Exact reproductions of all the entries, please, and no pictures.

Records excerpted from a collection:
- - - - -
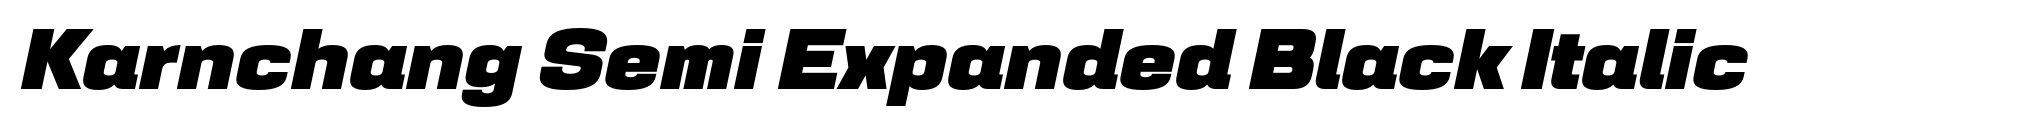 Karnchang Semi Expanded Black Italic image
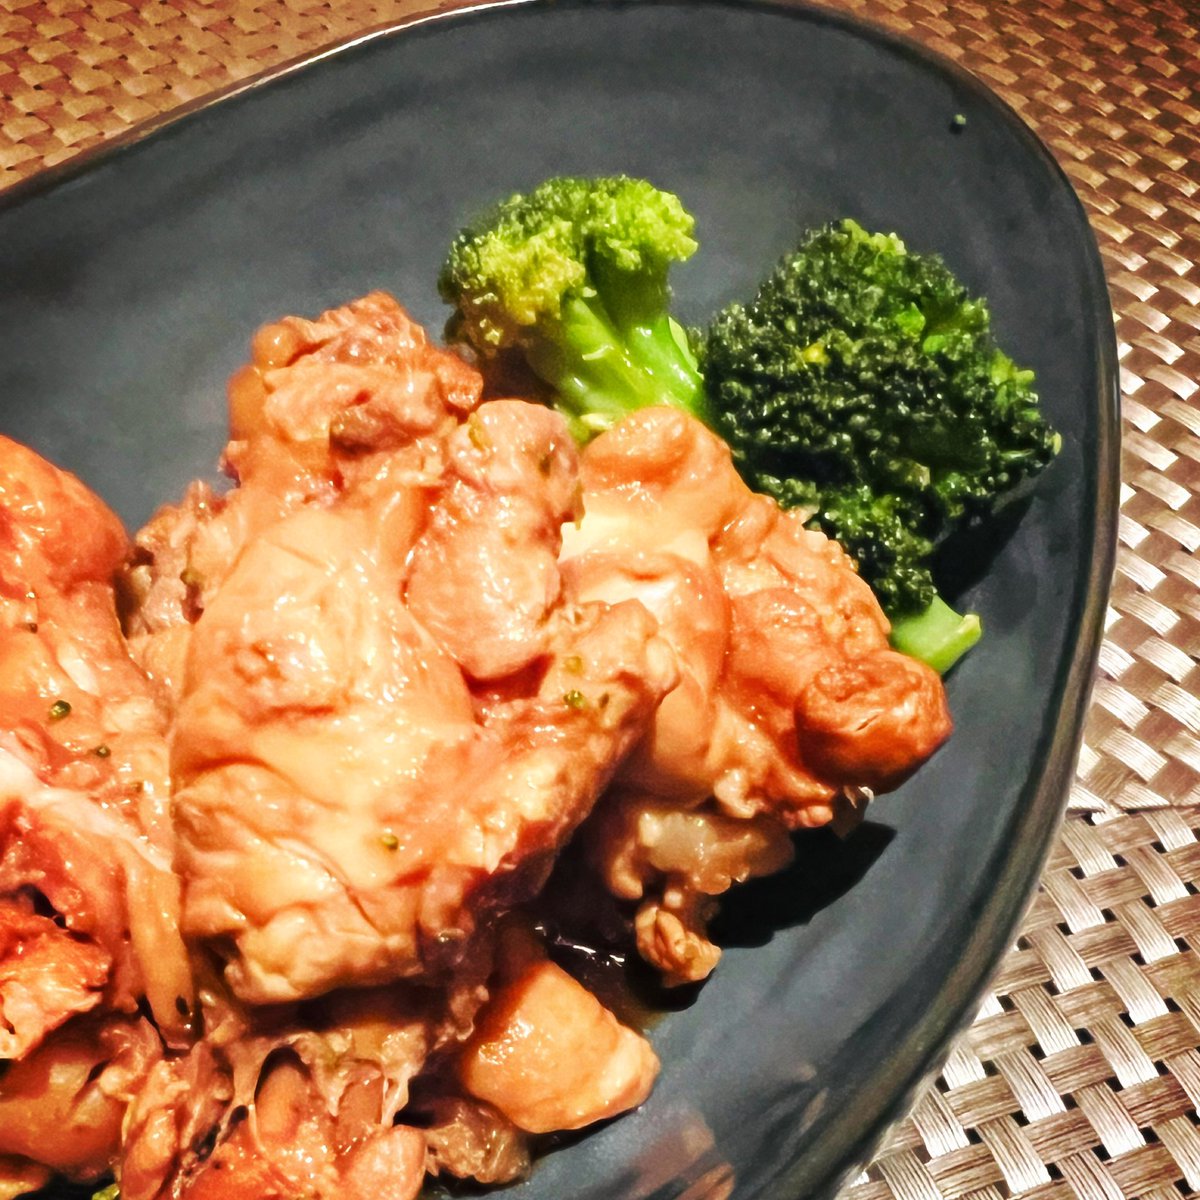 パクパクパクパクパク😋😋
ただいまご飯〜😆🎉
#チキンのさっぱり煮 しちゃってうんま😍
#低カロリーな予感 😐
- - - - -
_RESPONSE AREA:_
 Karnchang Semi Expanded Black Italic image
 パクパクパクパクパク😋😋
ただいまご飯〜😆🎉
#チキンのさっぱり煮 しちゃってうんま😍
#低カロリーな予感 😐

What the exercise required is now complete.